Saturday, September 26, 2020

Trust, but Verify

I wiped out my cookies. Not the peanut butter ones (though I did that too), but the ones on my computer. For various reasons I had to reset my browser, and the cookies got clobbered. By now we all have seen that foodstuff in this context, but most have no idea what it really means. At its most basic, cookies are a form of ID your computer passes on to a website to tell them it is you who is returning, That's how Amazon knows you were last looking at a new pair of sneakers, or Home Depot knows you are still shopping for a grill, or Netflix knows you are a Star Wars fan. That info enables them to show you other items inspired by your past activities. You decide if it's the ultimate in personalized shopping or a breach of your privacy.  

It's no different when money or personal information is involved. But in that case the aim is to make sure it's actually you who is trying to access your account. The cookie is like walking in the front door with your license on display: now that we know it's you, we can show you your balance or your holdings or your files. No cookie means they have no idea who is knocking, so they treat you like a stranger. 
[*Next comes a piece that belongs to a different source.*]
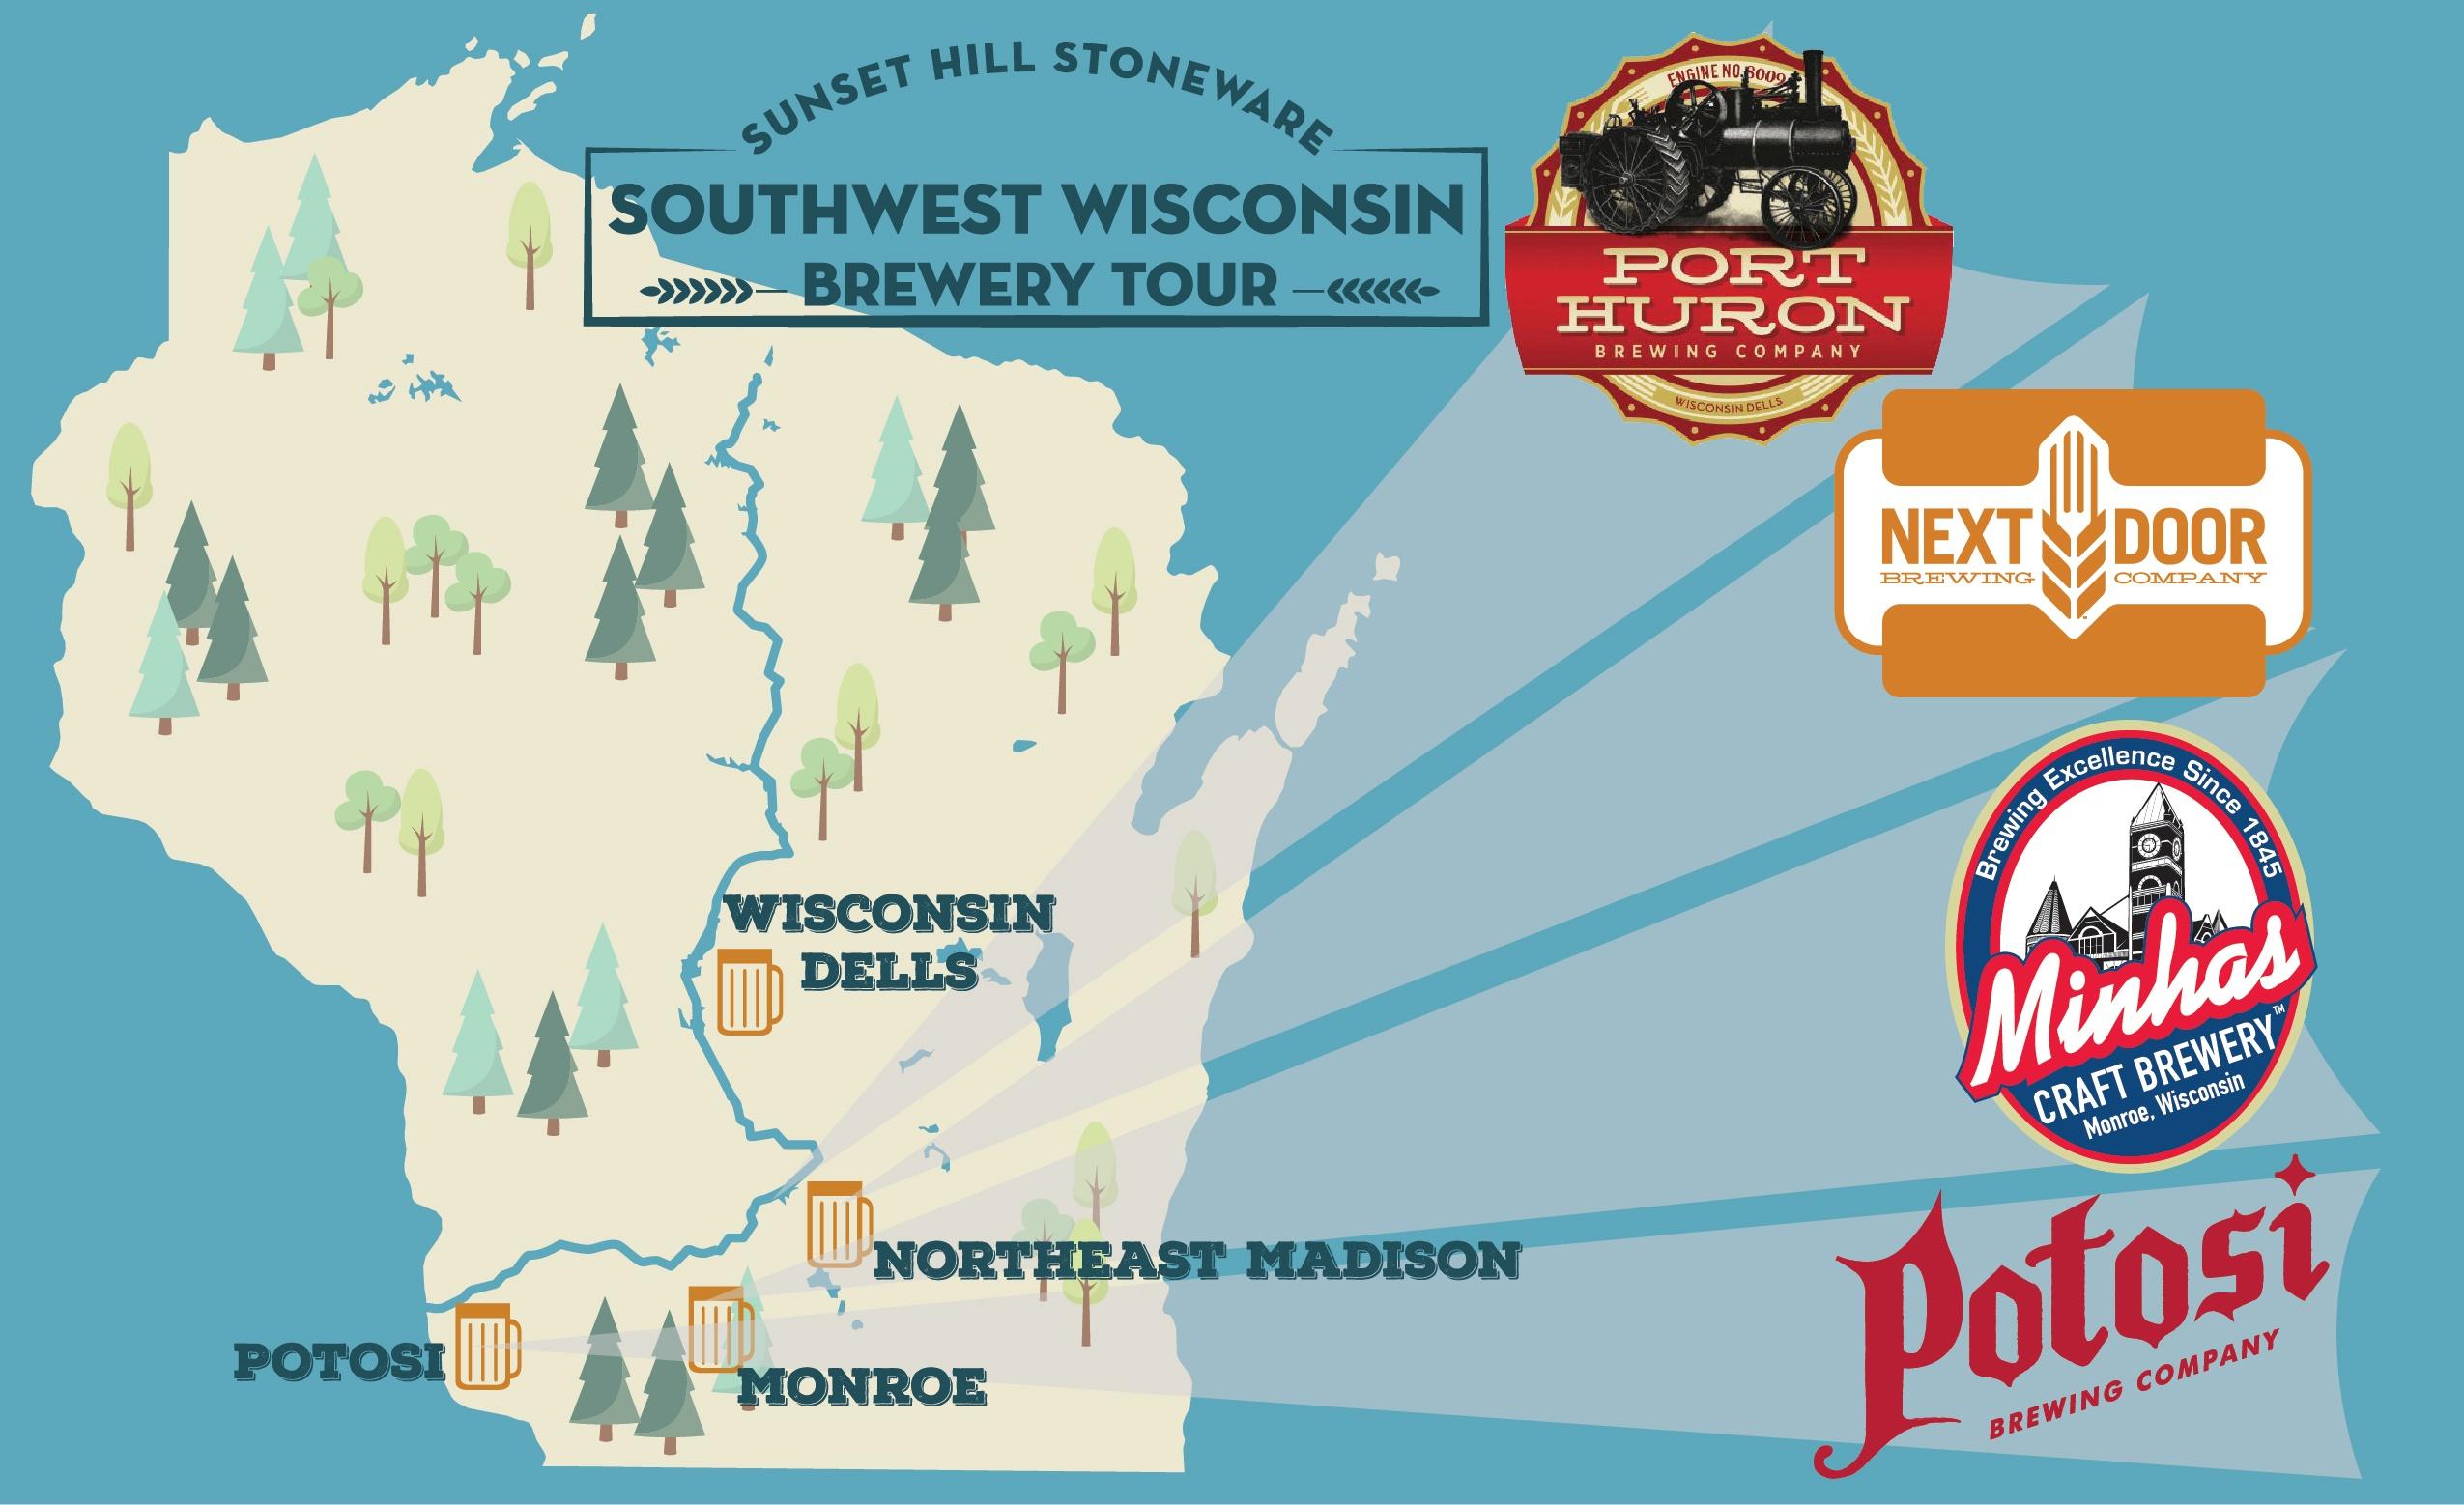 Brew Tour: Find Sunset Hill Stoneware in Southwest Wisconsin

And that's a good thing. Considering it's your dollars, you want that kind of security. That said, if you do like I did and make your computer anonymous once again, not having that cookie means you need to reconfirm who you are, usually by retyping your password. Like they said in Romper Room, hopefully you are a good Do Be, and used different, hard-to-break, unique passwords for each account. More likely you are like the vast majority, are a bad Don't Be, and used 12345678. No one will ever guess that.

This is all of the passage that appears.